■ Records provided:
•••
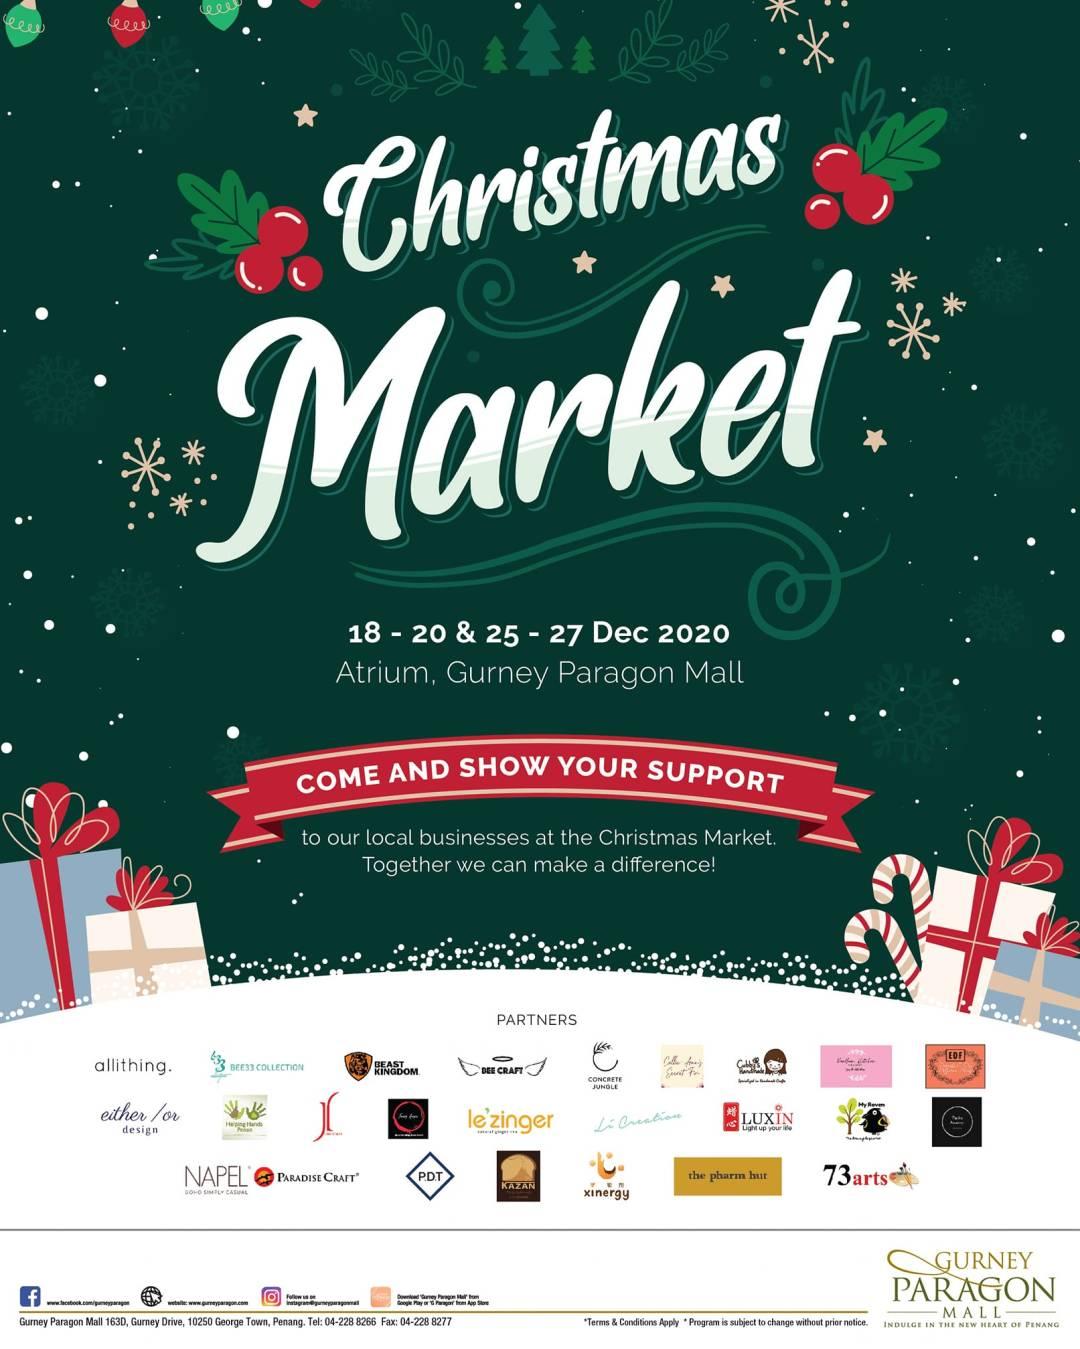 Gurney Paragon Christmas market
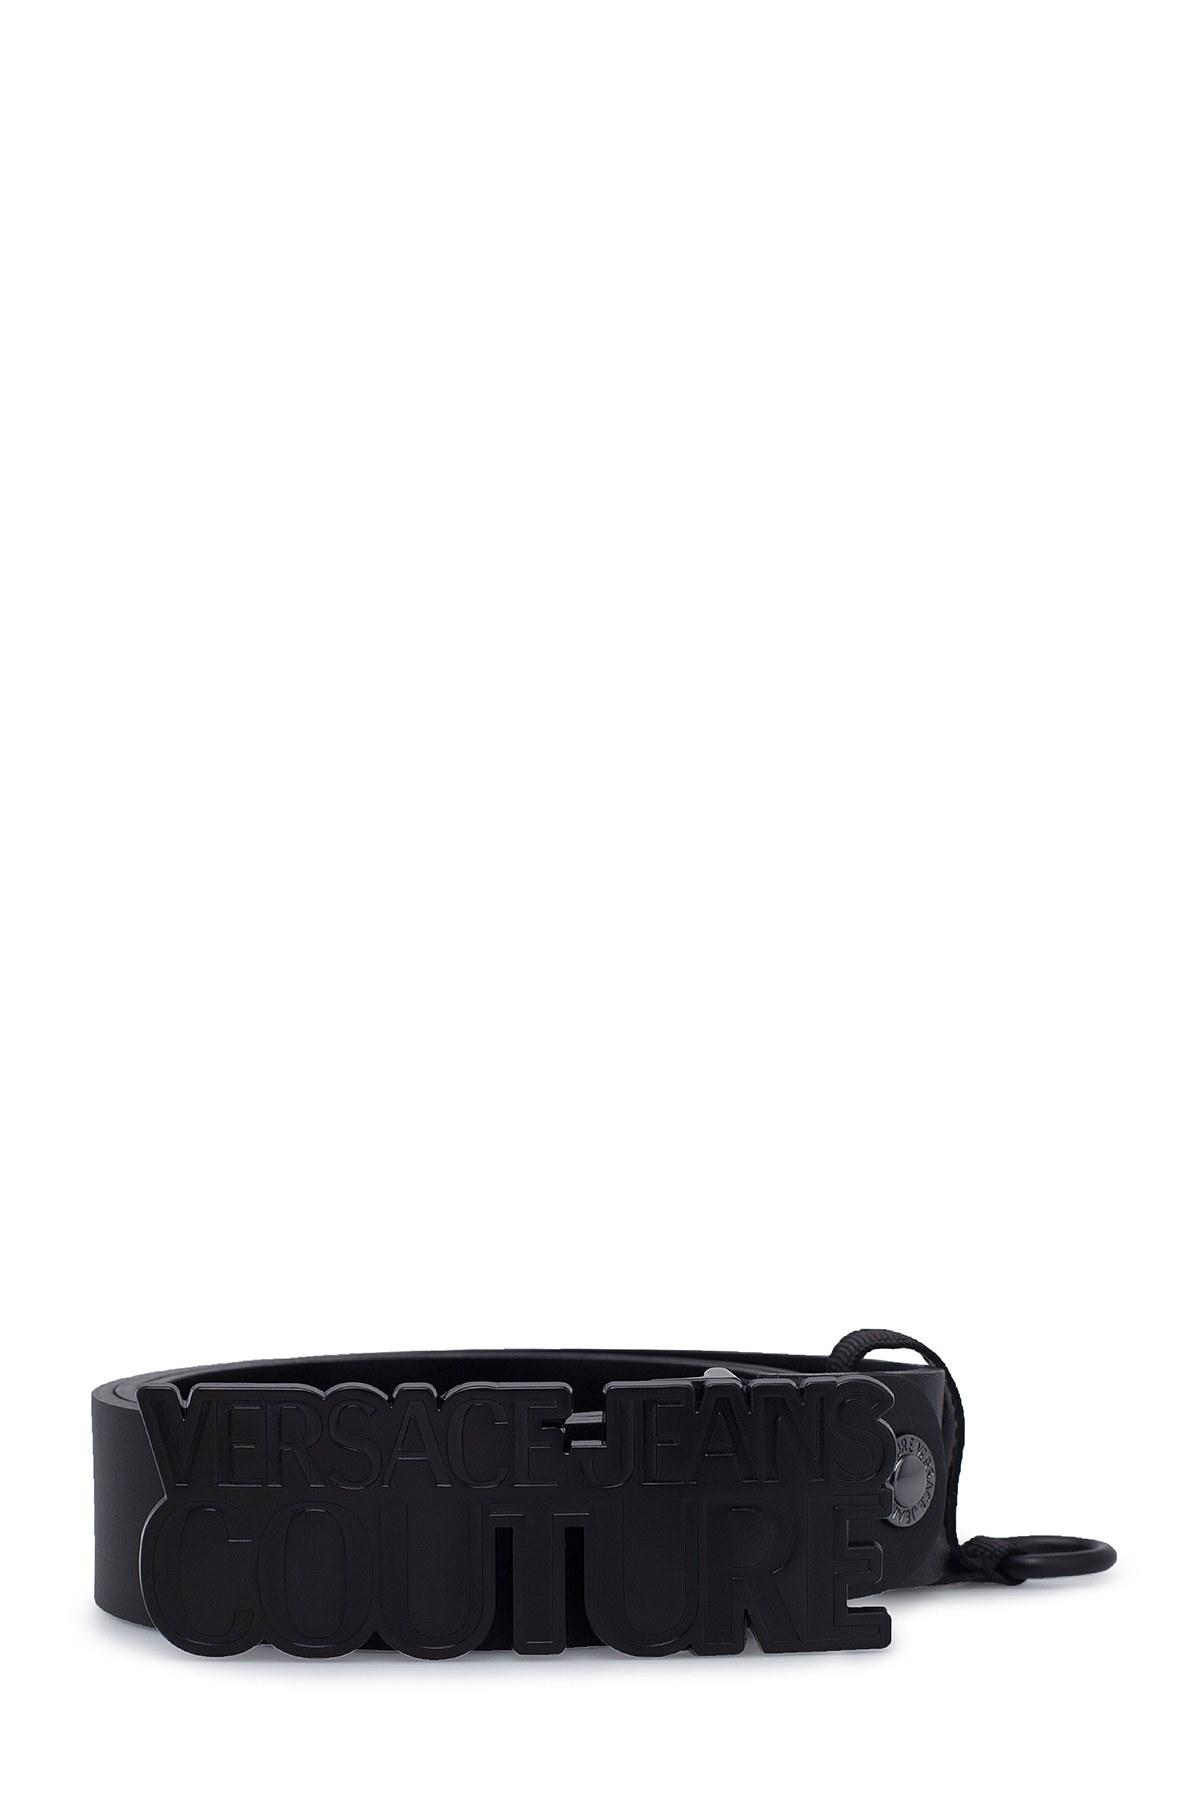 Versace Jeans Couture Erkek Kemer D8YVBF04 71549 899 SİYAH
•••
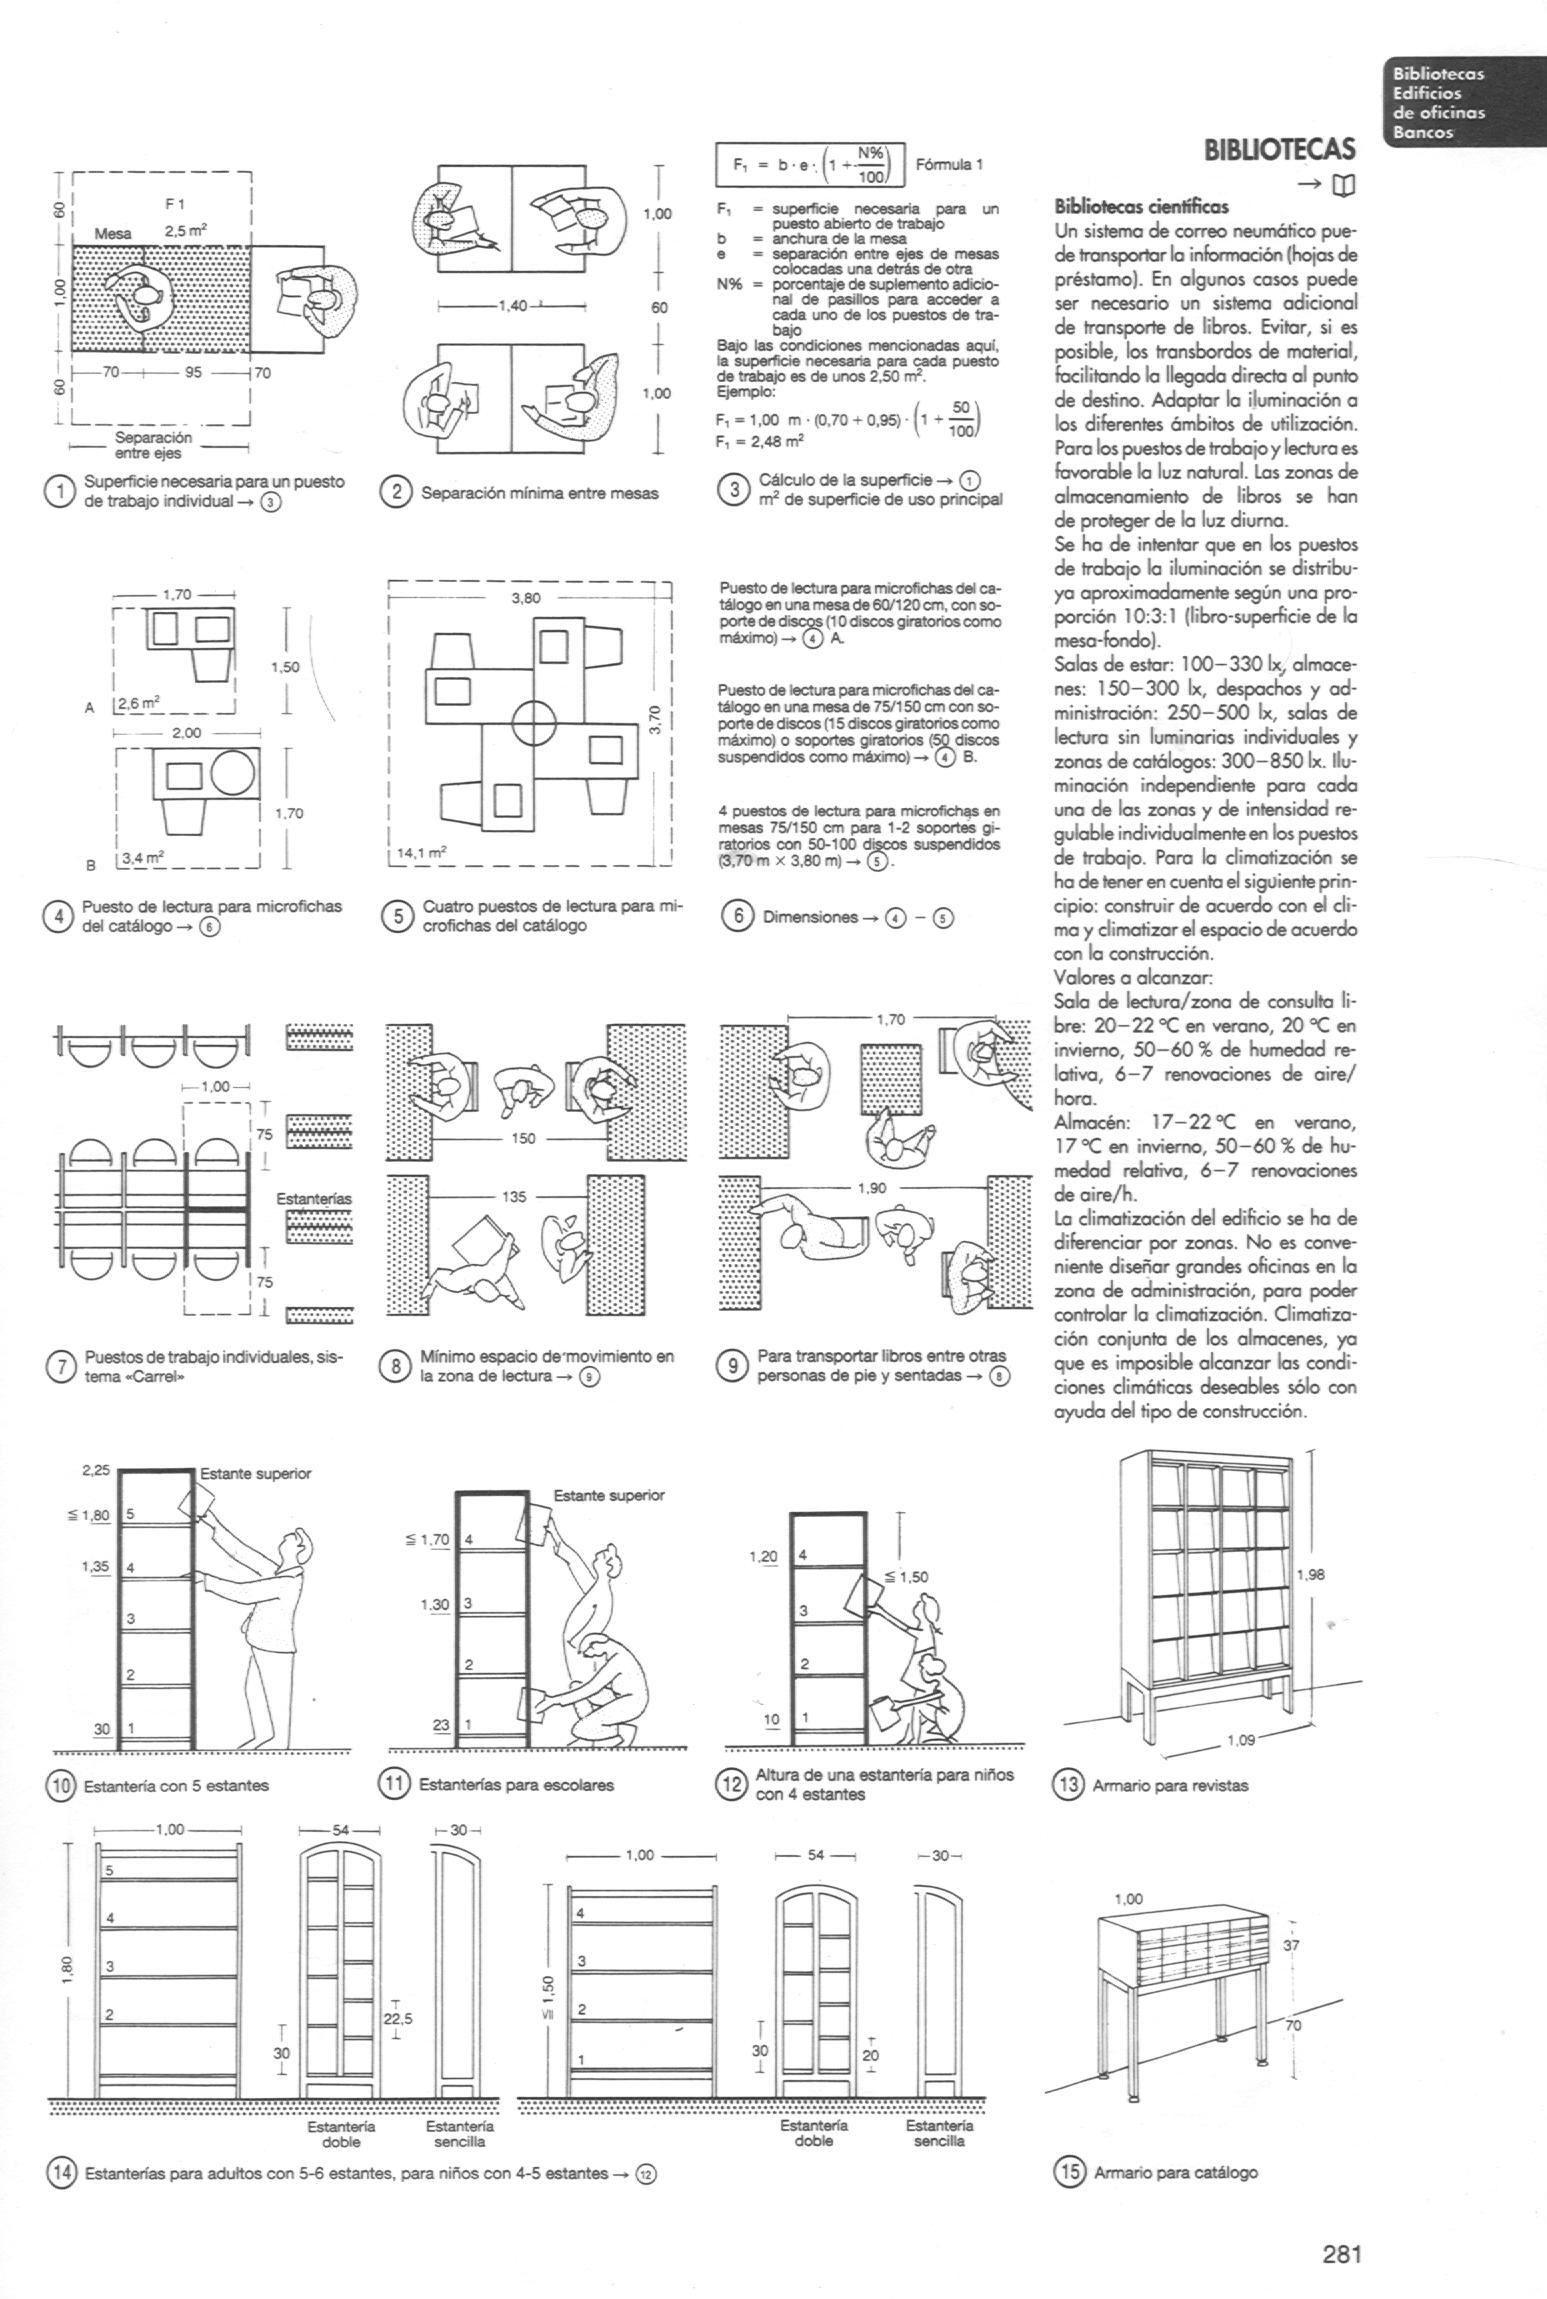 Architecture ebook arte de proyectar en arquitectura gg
•••
■ Task details:
Look through the listing above for the line with "Gurney Paragon Christmas market" and the line with "Versace Jeans Couture". Write out exactly those lines and everything between, leaving out pictures.

■ Output of the task:
 Gurney Paragon Christmas market
 Versace Jeans Couture Erkek Kemer D8YVBF04 71549 899 SİYAH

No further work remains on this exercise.